Emactuzumab, instead, is an anti-CSF1R humanized murine mAb that blocks its dimerization, which showed a favorable toxicity profile but poor clinical activity in a phase I clinical study enrolling patients with advanced solid tumors (NCT01494688) [37,38]. Among patients with diffuse type TGCT, instead, emactuzumab therapy resulted in improved and durable clinical responses, as well as in quality-of-life assessment [38]. LY3022855, a human immunoglobulin G subclass 1 (IgG1) anti-CSF1R mAb, has been tested alone (NCT01346358) or in combination with tremelimumab (NCT02718911) in patients with advanced solid tumors, demonstrating limited clinical activity despite a good safety profile [39,40].
AMG820, a fully human anti-CSF1R IgG2 mAb, did not reach an MTD while demonstrating pharmacodynamic effects despite limited clinical activity when tested alone (NCT01444404) or in combination with pembrolizumab (NCT02713529) in patients with advanced solid tumors [41,42].
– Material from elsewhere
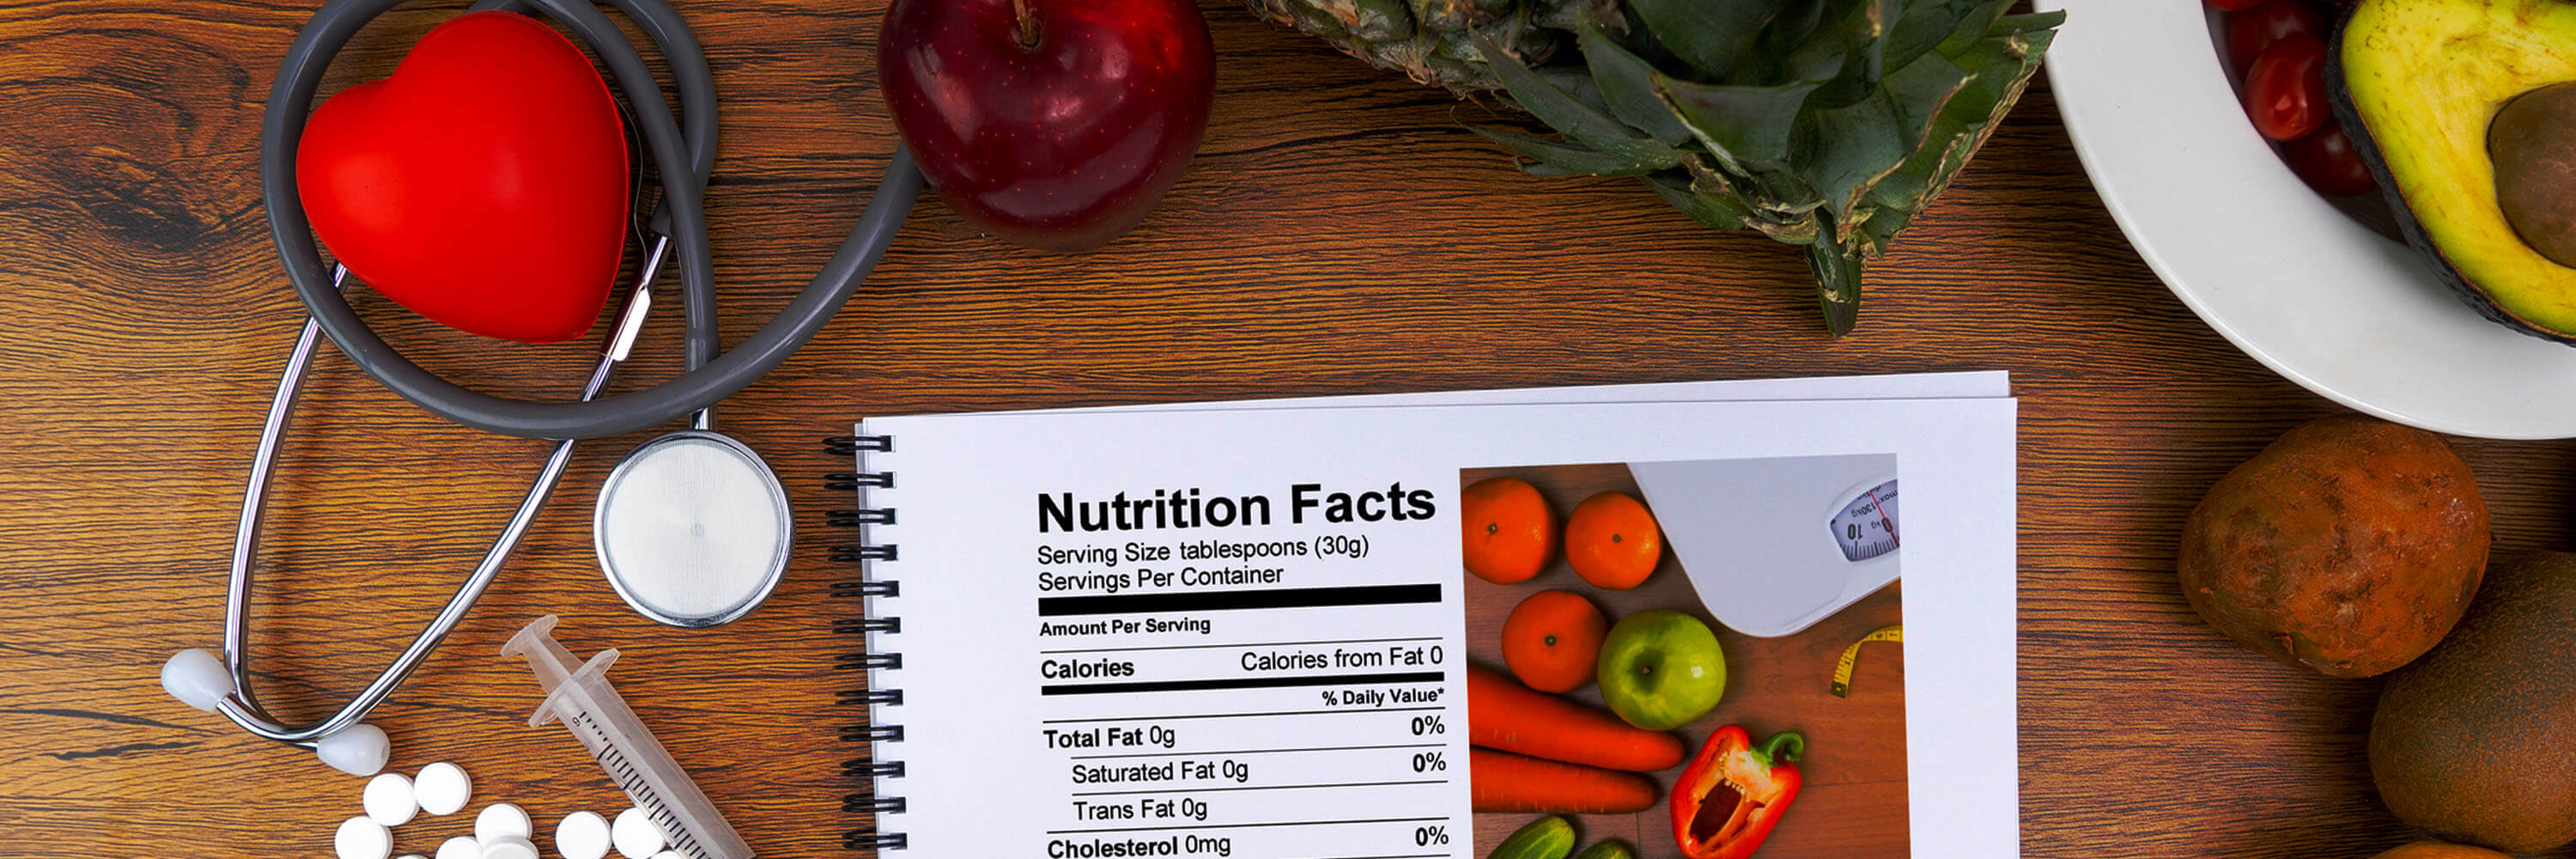 nutrition facts next to array of fruit and vegetables

Cabiralizumab, a humanized IgG4 anti-CSF1R mAb, has also been tested in combination with nivolumab and radiotherapy in patients with locally-advanced pancreatic cancer (NCT03599362), in combination with anti-CD40 sotigalimab in ICB-refractory melanoma, non-small cell lung cancer, or kidney cancer patients, resulting in a PR in 1/26 patients and SD in 8/26 patients (NCT03502330), as well as in TGCT (NCT02471716) [43,44]. Pre- and on-treatment biopsies across multiple tumor types in patients being treated with cabiralizumab and nivolumab showed an increase of CD8 lymphocytes mirrored by a reduction of CD163+ CSF1R+ Mф (NCT02526017) [45]. Cabiralizumab is also currently being tested in the neoadjuvant setting with nivolumab in triple-negative breast cancer (NCT04331067), head and neck cancer (NCT04848116), and advanced hepatocellular carcinoma (NCT04050462).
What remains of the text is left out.